US President Donald Trump has ended trade preferences for Hong Kong and signed into law an act that authorises sanctions on banks over China's clampdown in the semi-autonomous city amid tensions between Washington and Beijing.
In a news conference on Tuesday driven by criticism of his domestic rivals, Trump declared himself to be tougher than ever on China including over its treatment of the financial capital.
"Hong Kong will now be treated the same as mainland China, no special privileges, no special economic treatment, and no export of sensitive technologies," Trump said in the White House Rose Garden.
"Their freedom has been taken away; their rights have been taken away," Trump added.
"And with it goes Hong Kong, in my opinion, because it will no longer be able to compete with free markets. A lot of people will be leaving Hong Kong."
Trump also said he signed the Hong Kong Autonomy Act, which previously passed Congress and mandates sanctions on entities that violate China's obligations under the treaty which passed the semi-autonomous territory from British control to China.
It further mandates the administration to impose sanctions on banks that do business with any individual who is designated under the act.
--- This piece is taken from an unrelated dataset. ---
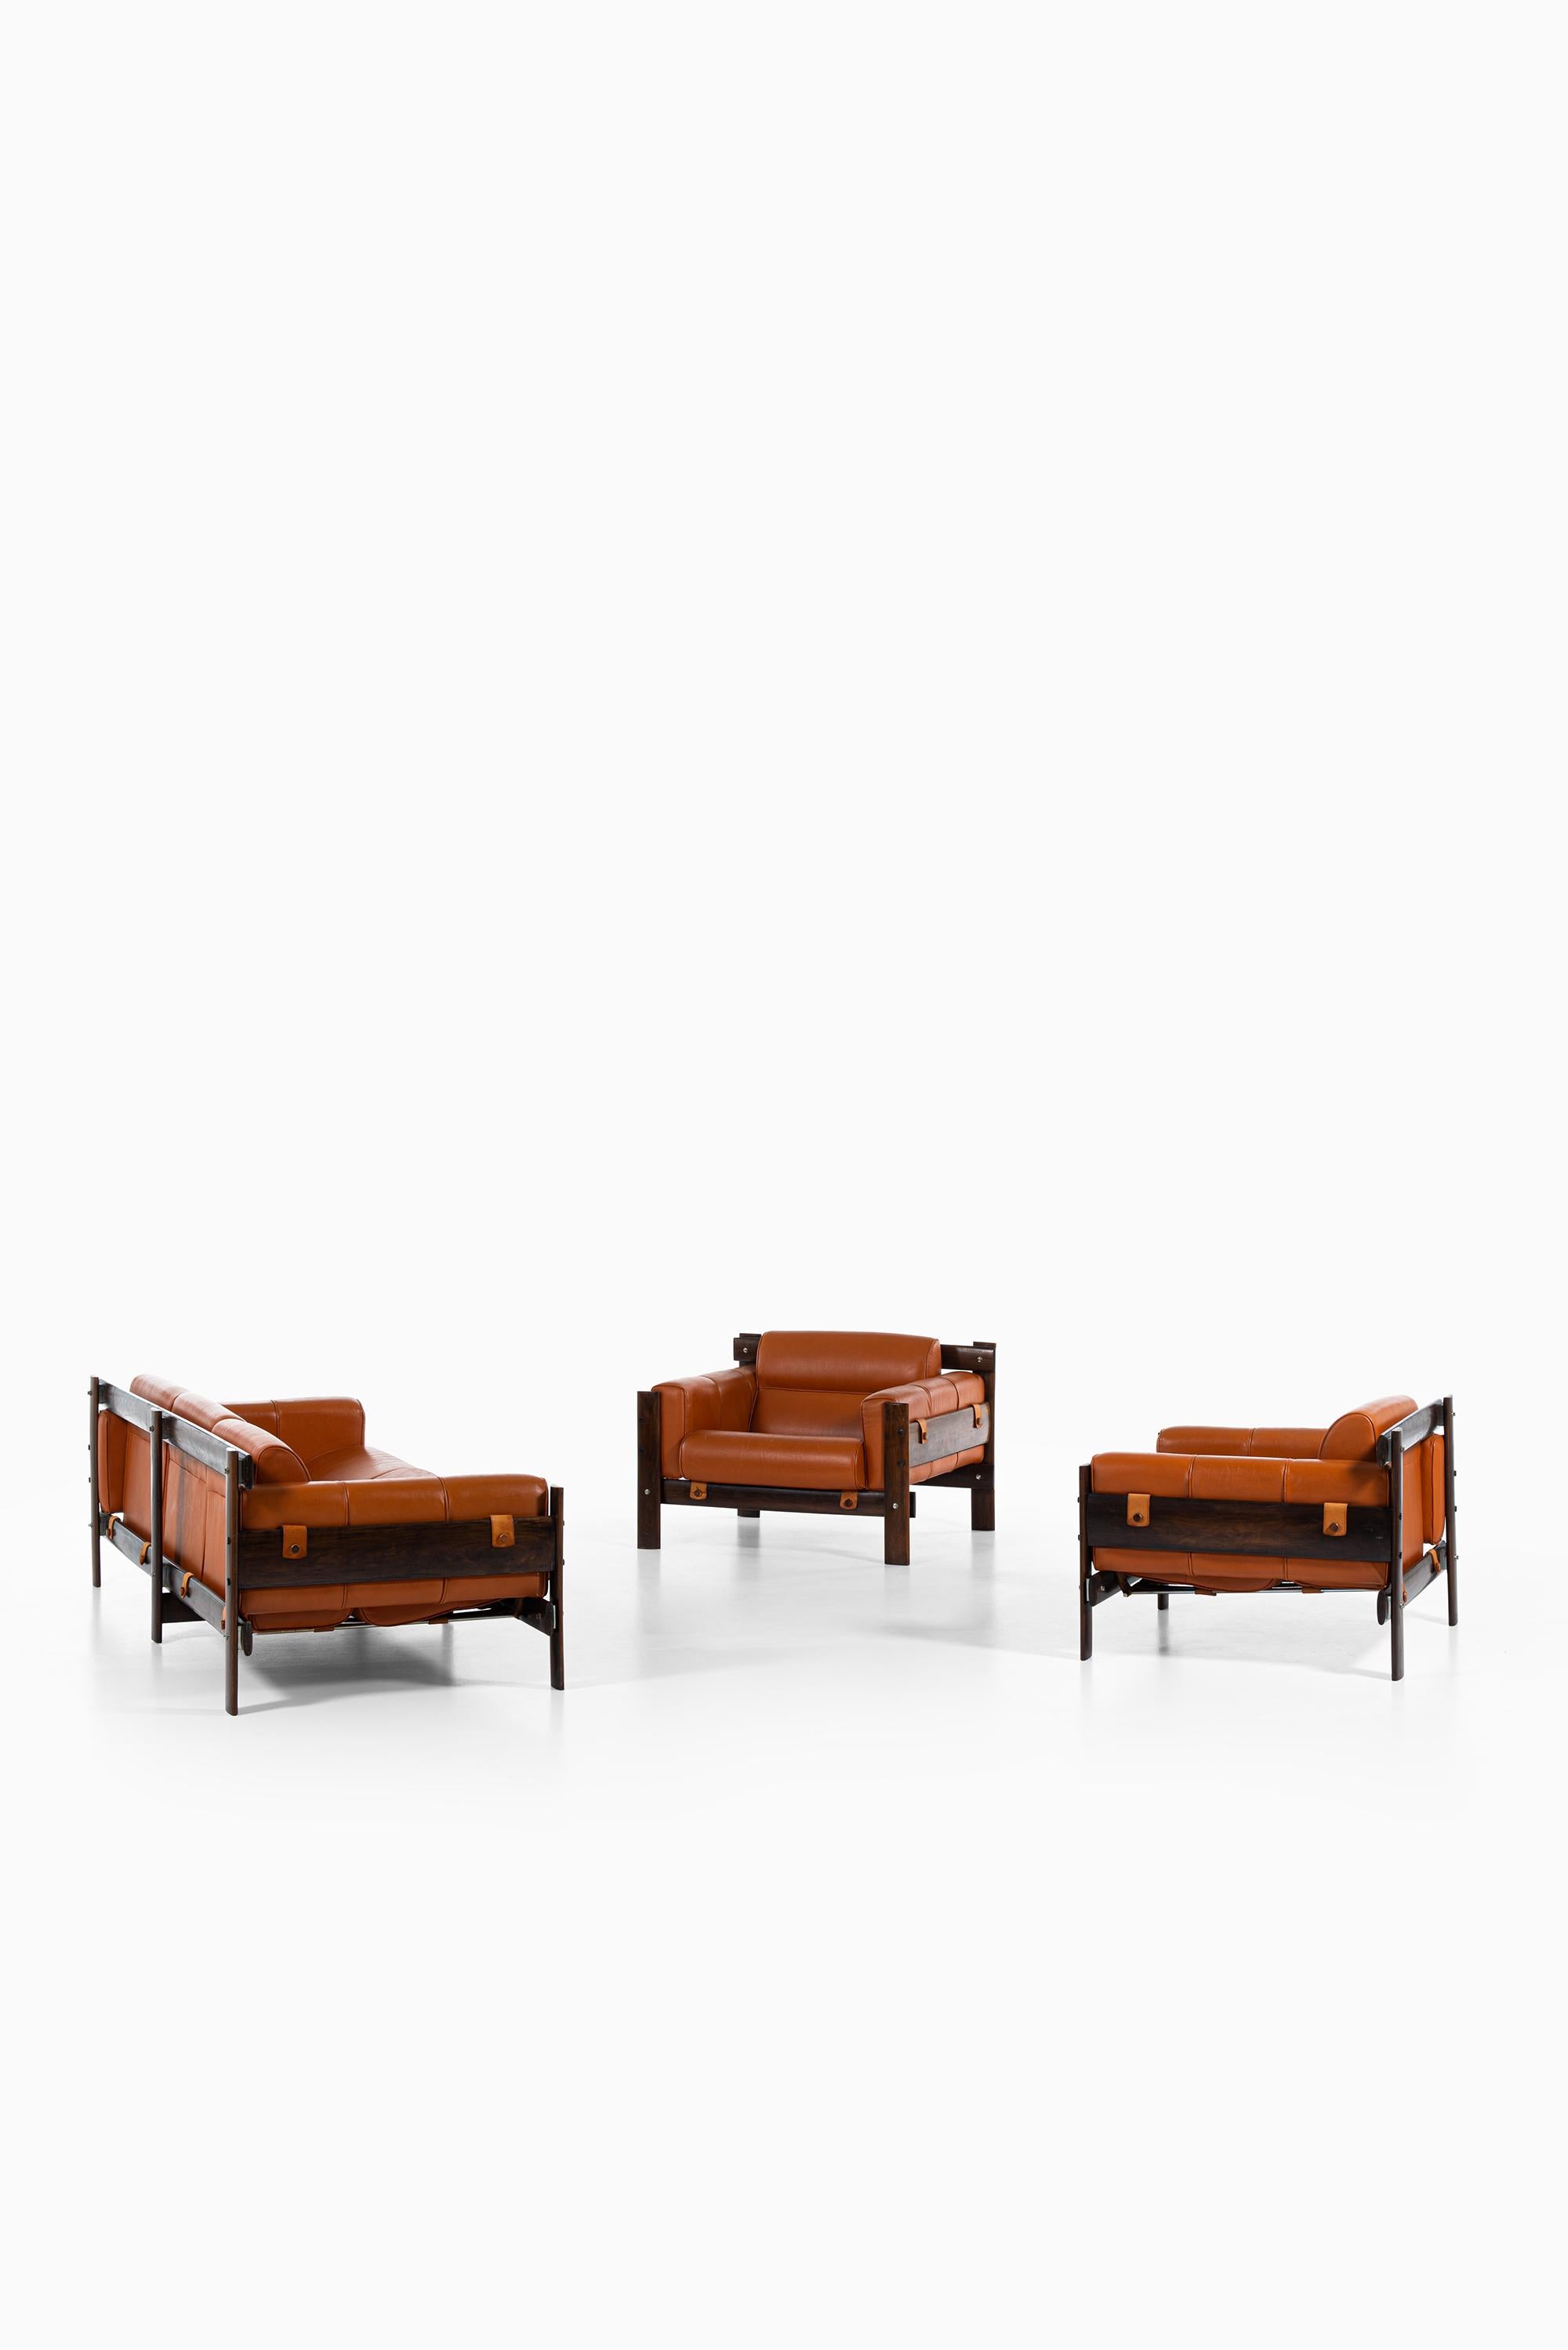 Percival Lafer Sofa in Rosewood and Leather by Lafer MP in Brazil 3

Lawmakers hope the new law will force all but provincial Chinese banks to choose between abetting Beijing's efforts in Hong Kong, and being able to conduct transactions in US dollars and operate in the world's largest economy.
"This law gives my administration powerful new tools to hold responsible the individuals and the entities involved in extinguishing Hong Kong's freedom," Trump said.
China's new law in Hong Kong criminalises subversion among other offenses, sending a chill through the city that was promised autonomy before Britain handed it back in 1997.
China's new security law
Activists fear the new security law will be used by Beijing to quash dissent in the territory.
A 23-year-old man in Hong Kong was booked for terrorism and secessionist activities on July 3, becoming the first person charged under the new security law.
Since last year, it has been mired in protests sparked by a move to legalise the extradition of people to mainland China.